How can I programmatically identify evil regexes?

Question

Is there an algorithm to determine whether a given JavaScript regex is vulnerable to ReDoS? The algorithm doesn't have to be perfect - some false positives and false negatives are acceptable. (I'm specifically interested in ECMA-262 regexes.)

Answer 1

TL;DR sort of, but not fully

In [9]: re.compile("(a+)+", re.DEBUG)
max_repeat 1 4294967295
  subpattern 1
    max_repeat 1 4294967295
      literal 97

Note those nested repeat 1..N, for large N, that's bad.

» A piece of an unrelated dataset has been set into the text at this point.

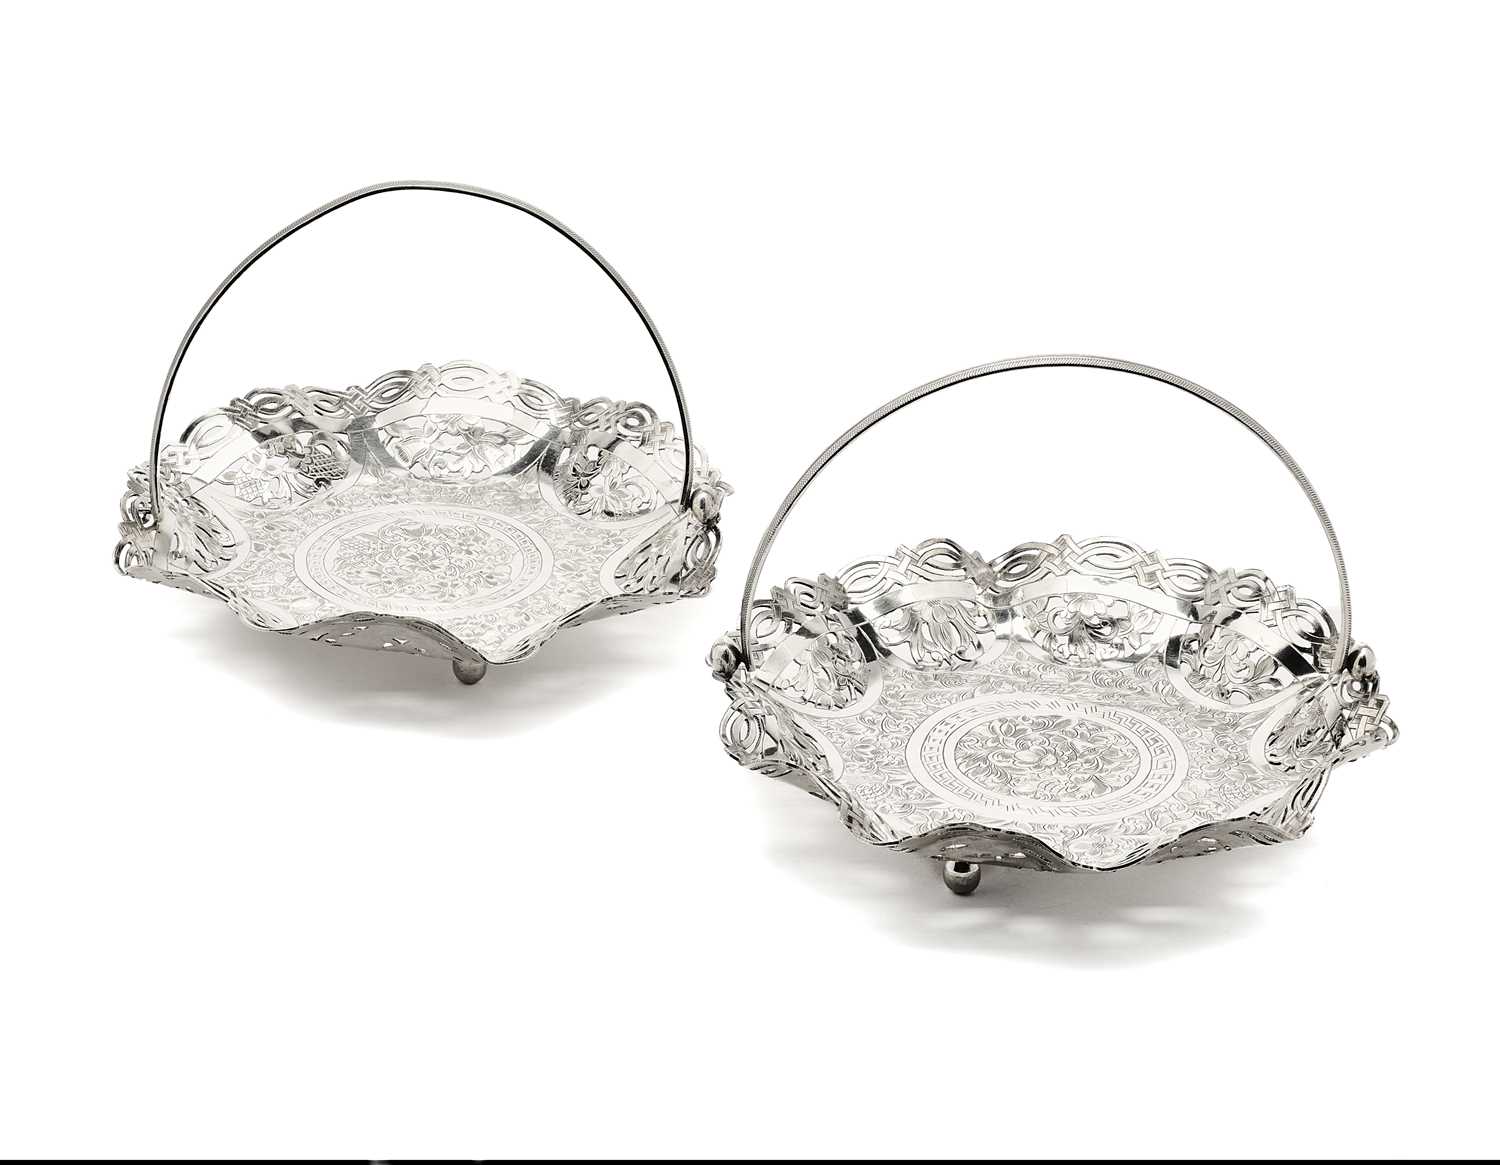 Lot 62 - A PAIR OF IRANI SWEETMEAT BASKETS, PROBABLY ISFAHAN, 20TH CENTURY

This takes care of all Wikipedia examples, except (a|aa)+and a*b?a*x.

Likewise it's hard to account for back-references, if your engine supports those.

IMO evil regexp is combination of two factors: combinatorial explosion and oversight in engine implementation. Thus, worst case also depends on regexp engine and sometimes flags. Backtracking is not always easy to identify.

Simple cases, however, can be identified.

Answer 2

It is hard to verify whether a regexp is evil or not without actually running it. You could try detecting some of the patterns detailed in the Wiki and generalise them:

e.g. For

• (a+)+
• ([a-zA-Z]+)*
• (a|aa)+
• (a|a?)+
• (.*a){x} for x > 10

You could check for )+ or )* or ){ sequences and validate against them. However, I guarantee that an attacker will find their way round them.

In essence it is a minefield to allow user set regexps. However, if you can timeout the regexp search, terminate the thread and then mark that regexp as "bad" you can mitigate the threat somewhat. In the case that the regexp is used later, maybe you could validate it by running it against an expected input at point of entry?

Later you will still need to be able to terminate it if the text evaluated at the later stage has a different effect with your regexp and mark it as bad so it will not be used again without user intervention.